While GPUs support a high degree of parallelism, they are still based on conventional computing infrastructure, whereby memory and processing are physically separated: performing an operation requires the machine to extract the relevant information from its memory, transfer it to the processor, perform the operation, and then transfer the outcome back into memory. This comprises most of the cost of current computation. By bringing these two functions together (while also supporting highly parallel computation) as they are in the brain, neuromorphic computing has the potential to vastly increase the efficiency of the computational process itself.

Neuromorphic technology is moving embodied artificial intelligence on from a static, frame-based computing system to a dynamic, event-based system able to efficiently process information and adapt to new situations. While event-driven vision sensors have reached the consumer’s market, neuromorphic computing platforms are still evolving and mostly used within the research domain. In the next few years, we will see silicon-based platforms in the market. At the same time, evolved systems, with additional computational primitives and memristive devices for co-localisation of memory and computing, will be available to the research community at large. Novel neuromorphic computing devices are in the making, based on flexible organic electronics, organoids, photonics, etc.

Progress in neural computation, as well as neuromorphic hardware, will be needed to build neuromorphic systems. Describing a brain’s computational process mathematically, to produce a function that can be plugged into a processing system, is challenging, especially since we don’t yet fully understand all of biological computing’s components and their computational role in a unified conceptual framework. In a biological system, neurons can not only interact with one another, but their computational function is affected by the manner of their interaction.

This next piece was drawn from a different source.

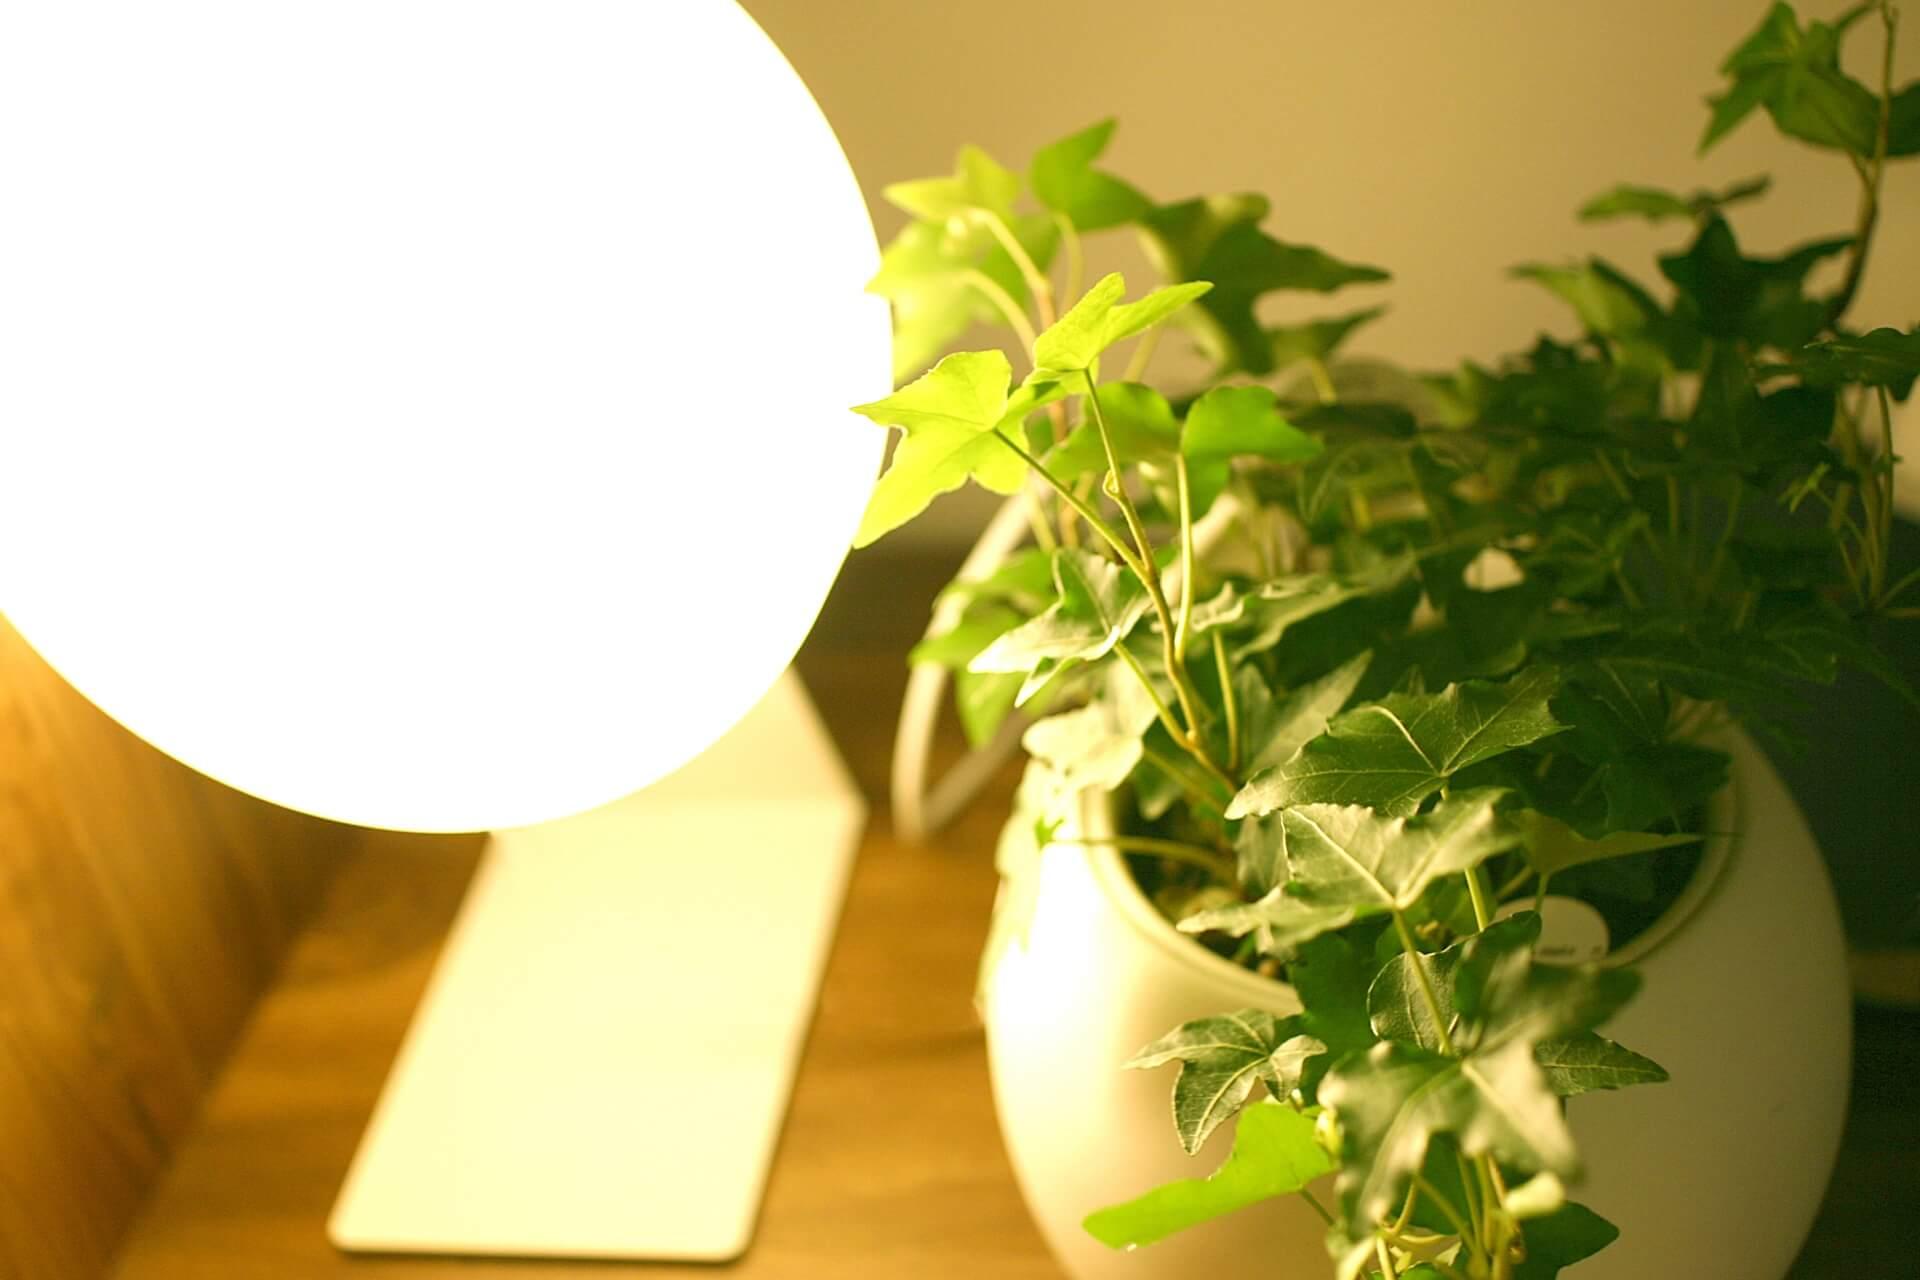 ライトと植物の画像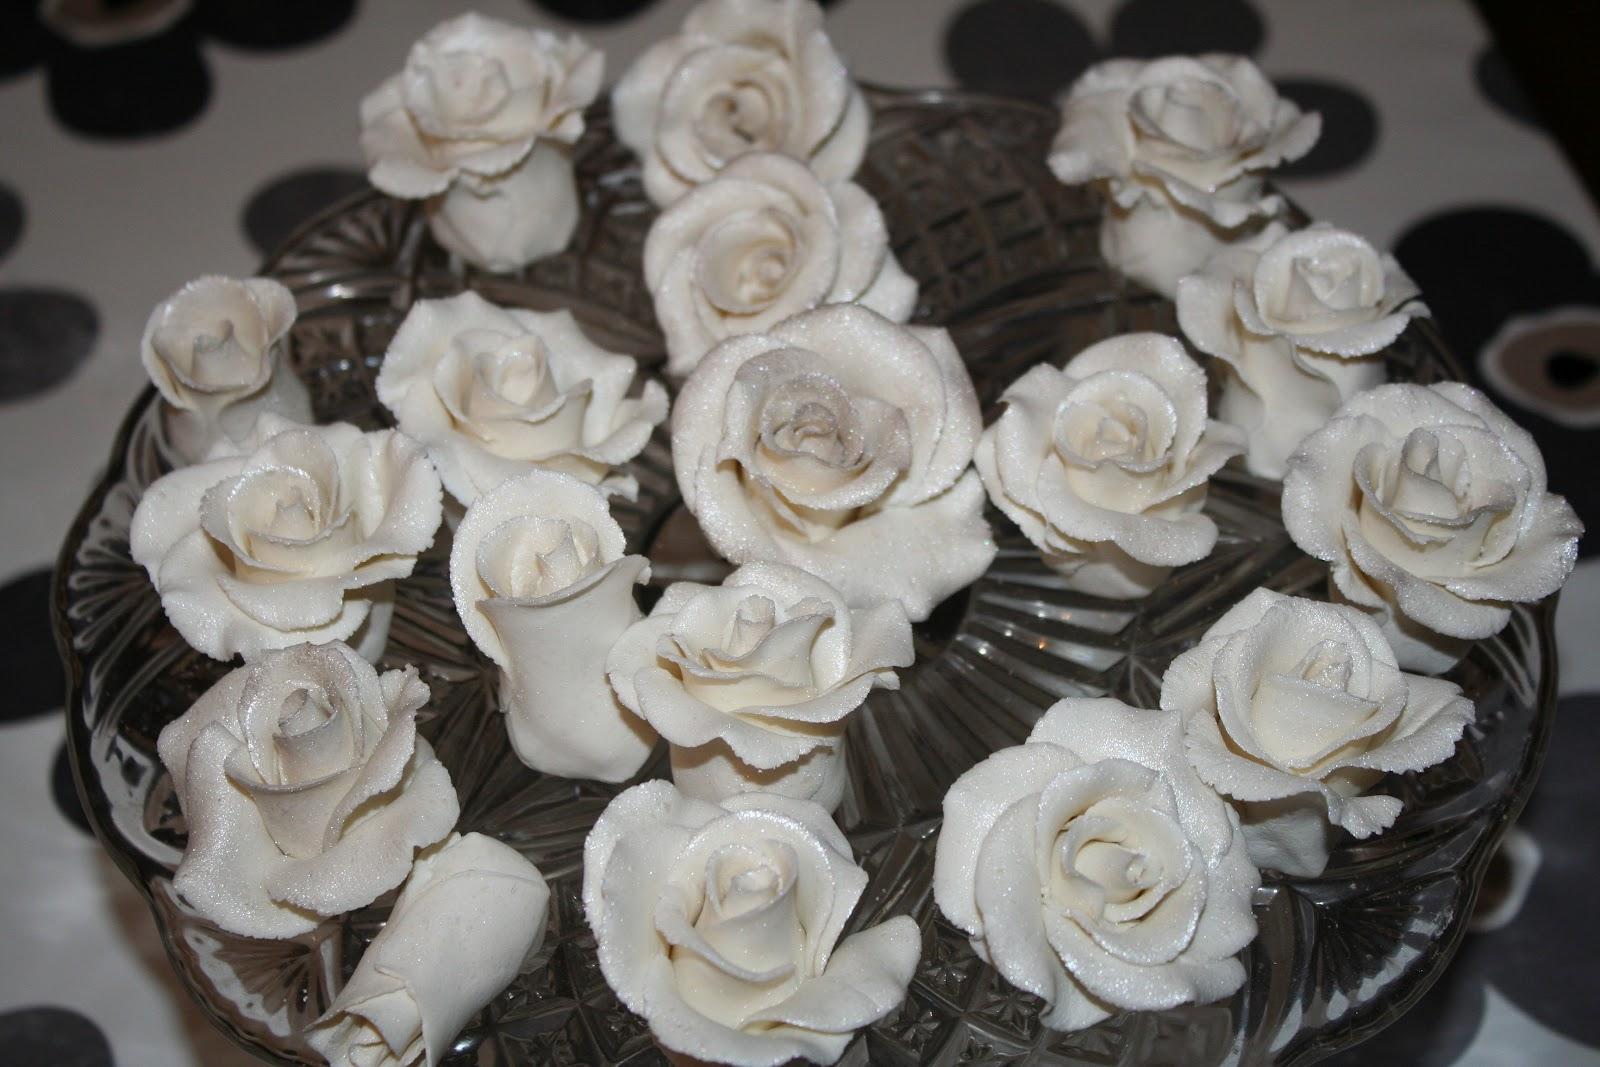 støtte opp roser

There are different forms of plasticity and computation performed at different temporal and spatial scales.

As an example, while most neuromorphic computing uses point neurons, biological neurons are way more complex: dendrites, the branched, tree-like structures at the end of neurons, gather signals though contacts with other cells in their proximity and from other brain areas. The signal received depends not only on the type of chemical contact between the cells, but also on exactly where the two branches of the cells interact and the time it takes for these signals to travel through them. More neuroscience research is needed to understand the computational relevance of each component of the biological system; this understanding can then be integrated into neuromorphic computing and in the development of new neuromorphic hardware platforms.

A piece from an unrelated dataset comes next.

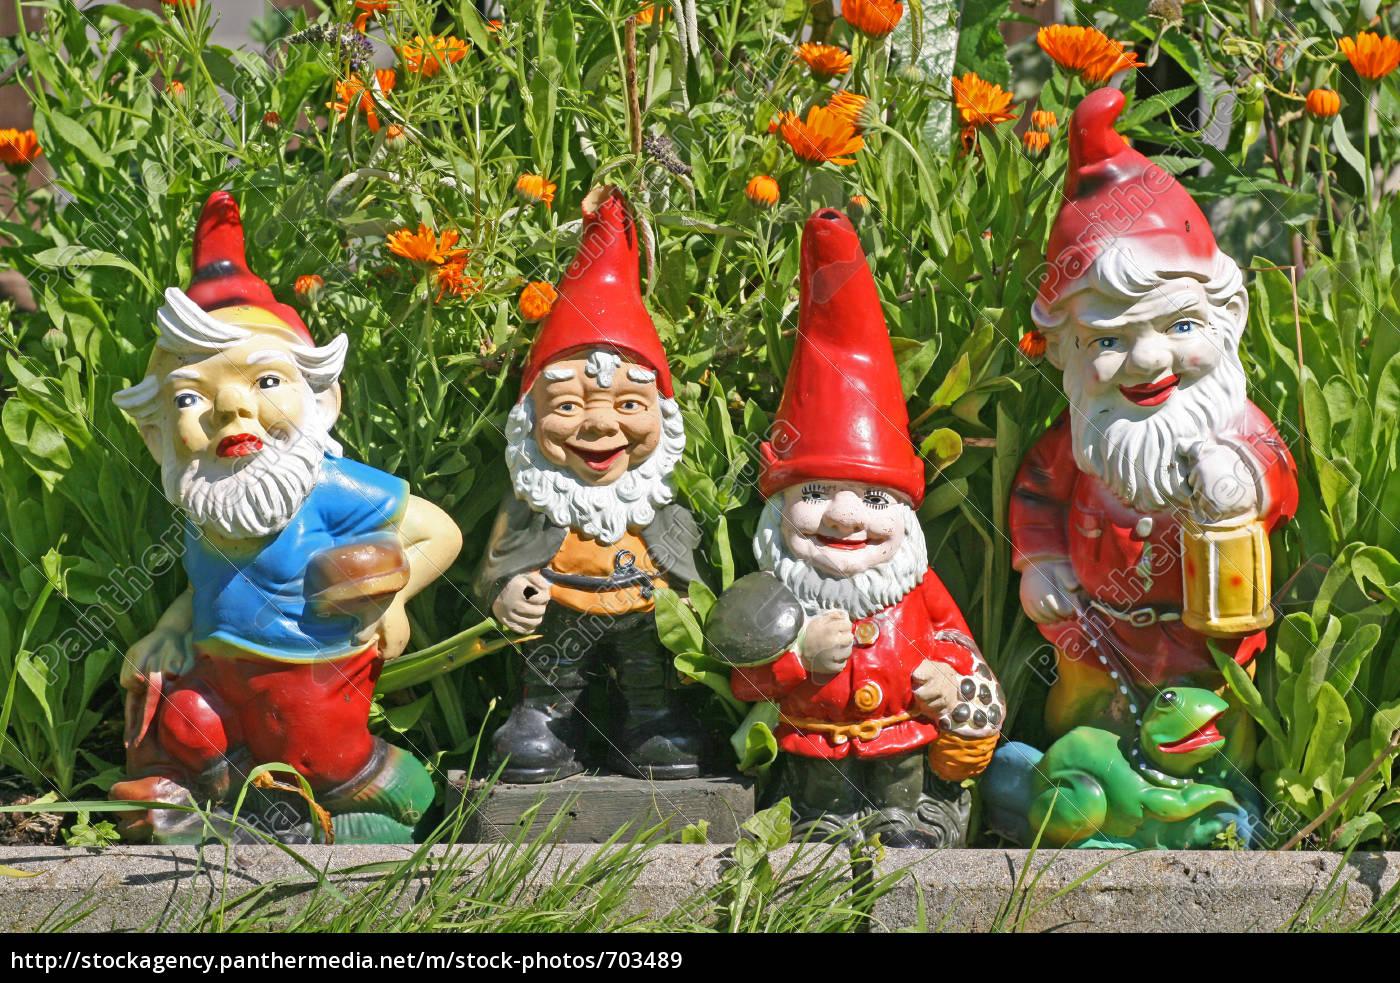 dwarf, parade - 703489

That will make them much more useful in relatively unconstrained real-world situations, as already demonstrated by proof-of-concept systems that can solve specific perception and control tasks, and carry out simple decision-making such as visual and auditory classification, sound source localisation, visual and auditory attention, basic navigation, obstacle avoidance, landmark recognition, trajectory prediction, and so on. In few years, more robustness and adaptation capabilities will be achieved by the integration of new computational methods such as balanced EI networks, dynamic attractors, multisensory integration and lifelong learning. This will later need to be scaled up and integrated with cognitive large scale brain models to solve complex human-like tasks.

There is a long way to go, but neuromorphic computing to create robots with embodied intelligence is essential for machines to display true hallmarks of cognition, and for artificial intelligence to become meaningfully intelligent. Machines need to be aware of their environment, be self-aware of their own bodies, robustly interpret their own sensory data, and make decisions about the action that will best fulfil their task. Only then will we have robots that are truly fit for the real world.